▶ [SUPPLIED INFORMATION]
********************

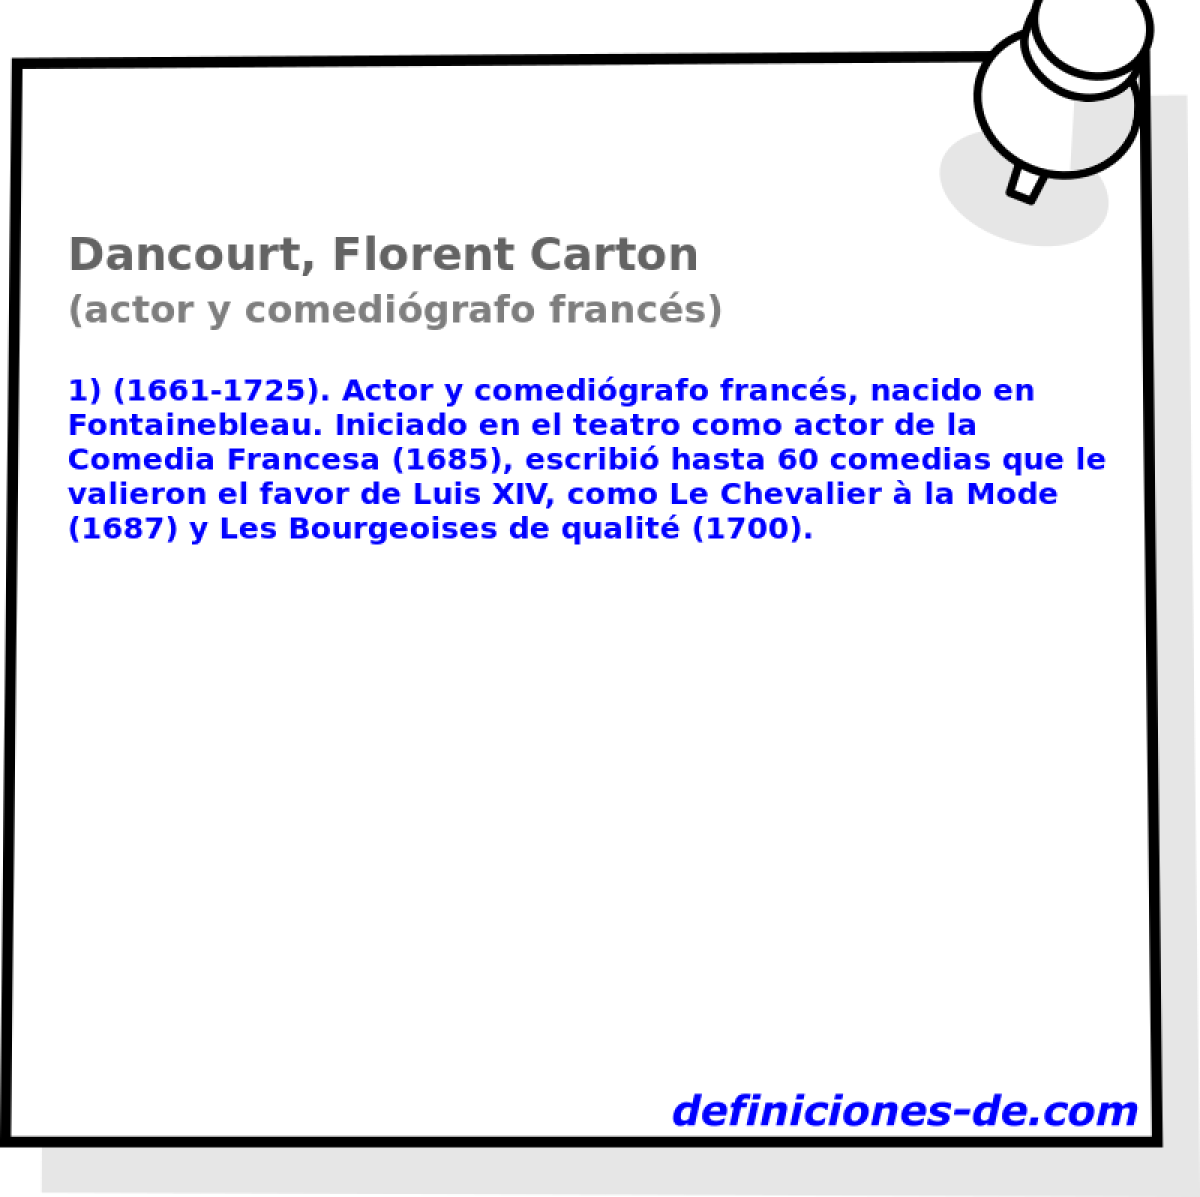 Dancourt, Florent Carton (actor y comedigrafo francs)
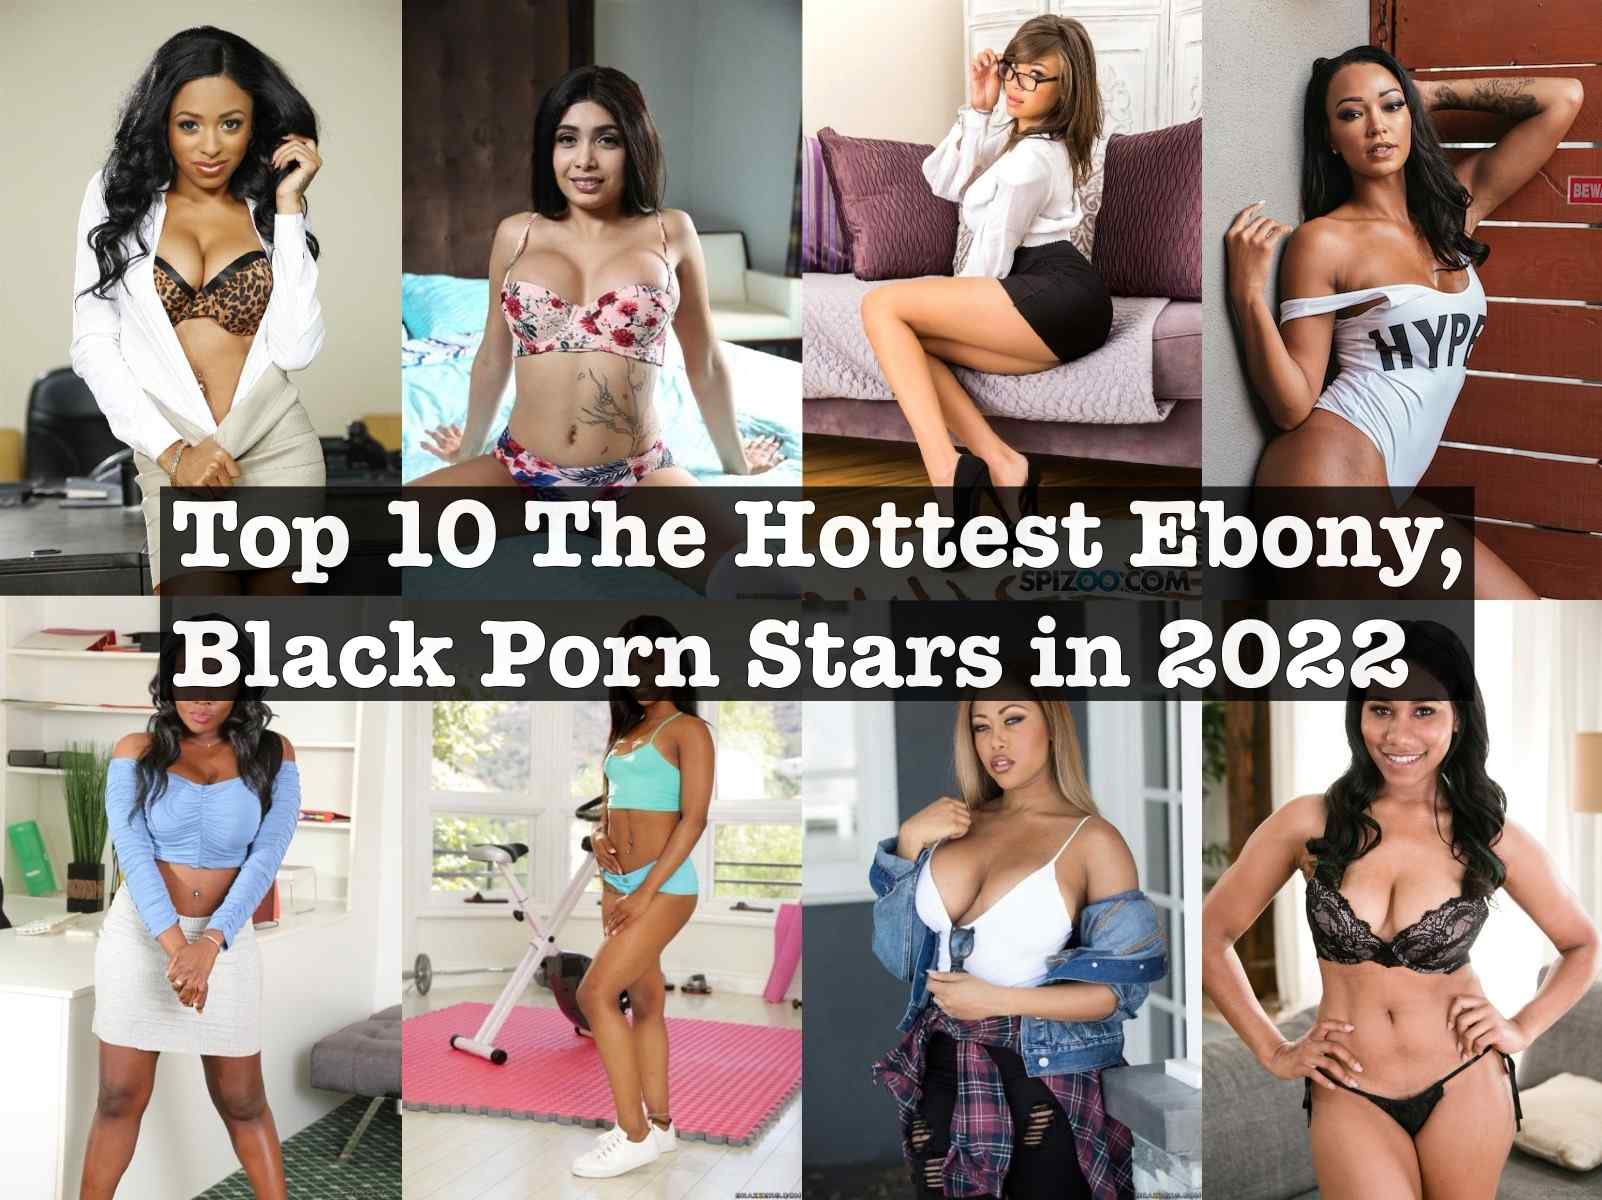 Attractive Black Female Porn Stars - Top Black Porn Stars in 2022 | Best 10 Hottest Ebony
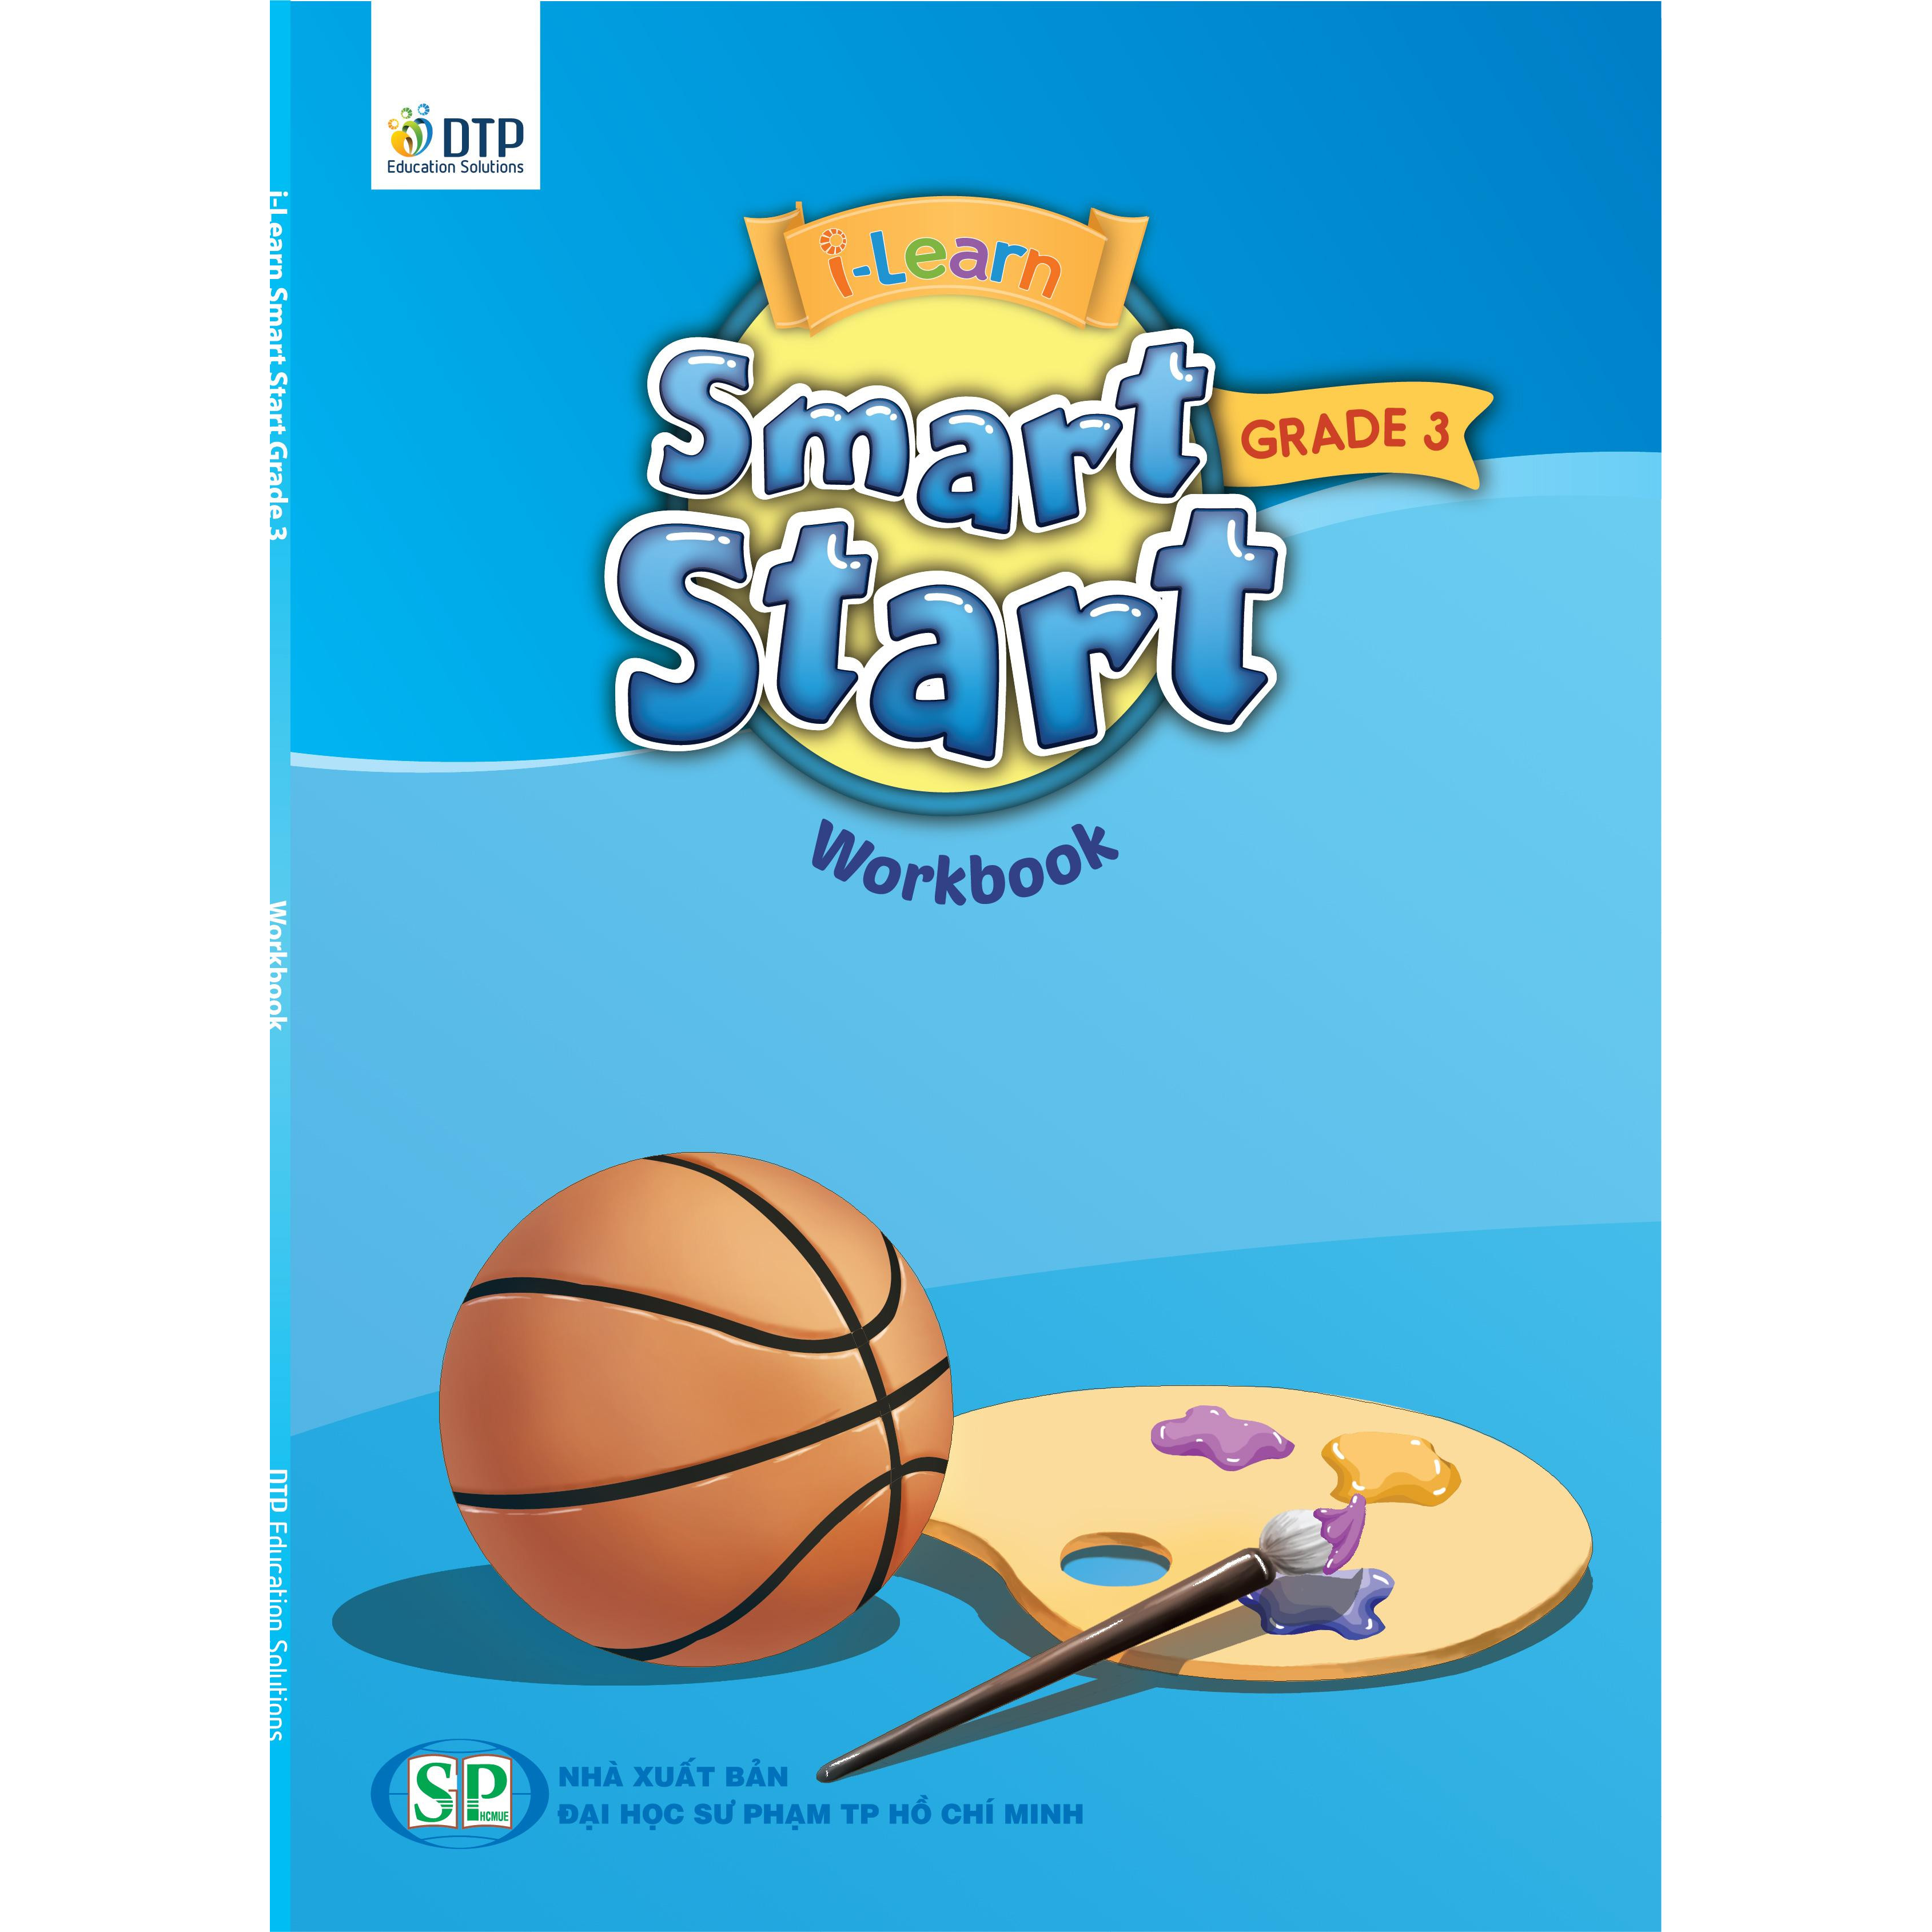 i-Learn Smart Start Grade 3 Workbook
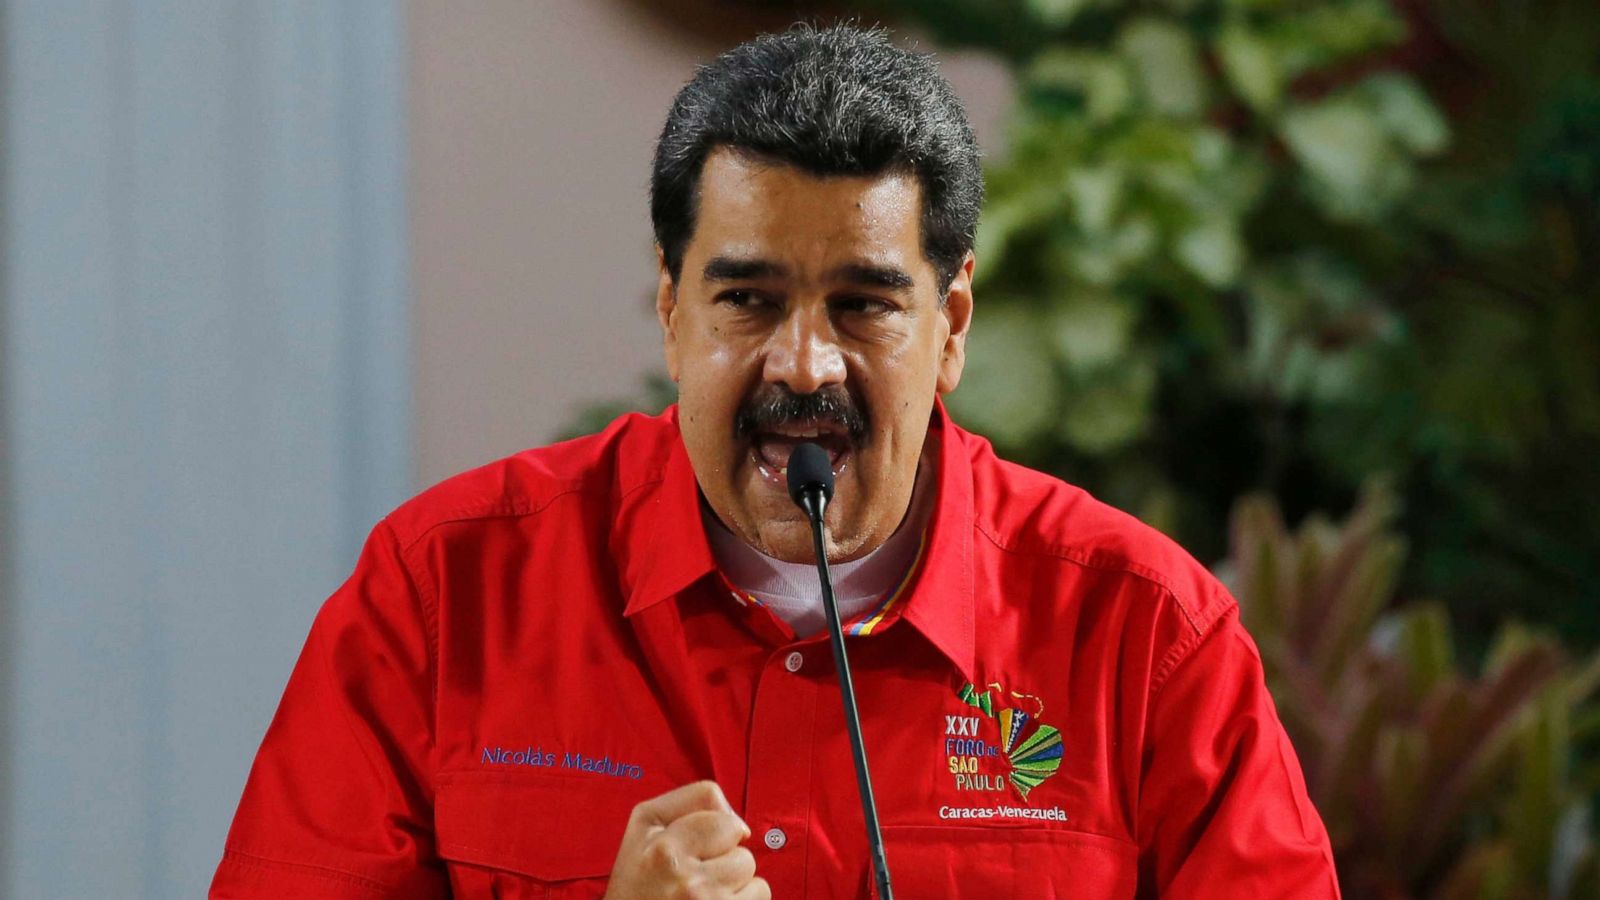 Nicolás Maduro Wallpapers - Top Free Nicolás Maduro Backgrounds ...

********************

▶ [WORK TO COMPLETE] Copy every line above exactly, leaving no picture in the copy.

▶ [ANSWER TO THIS EXERCISE]
 Dancourt, Florent Carton (actor y comedigrafo francs)
 Attractive Black Female Porn Stars - Top Black Porn Stars in 2022 | Best 10 Hottest Ebony
 i-Learn Smart Start Grade 3 Workbook
 Nicolás Maduro Wallpapers - Top Free Nicolás Maduro Backgrounds ...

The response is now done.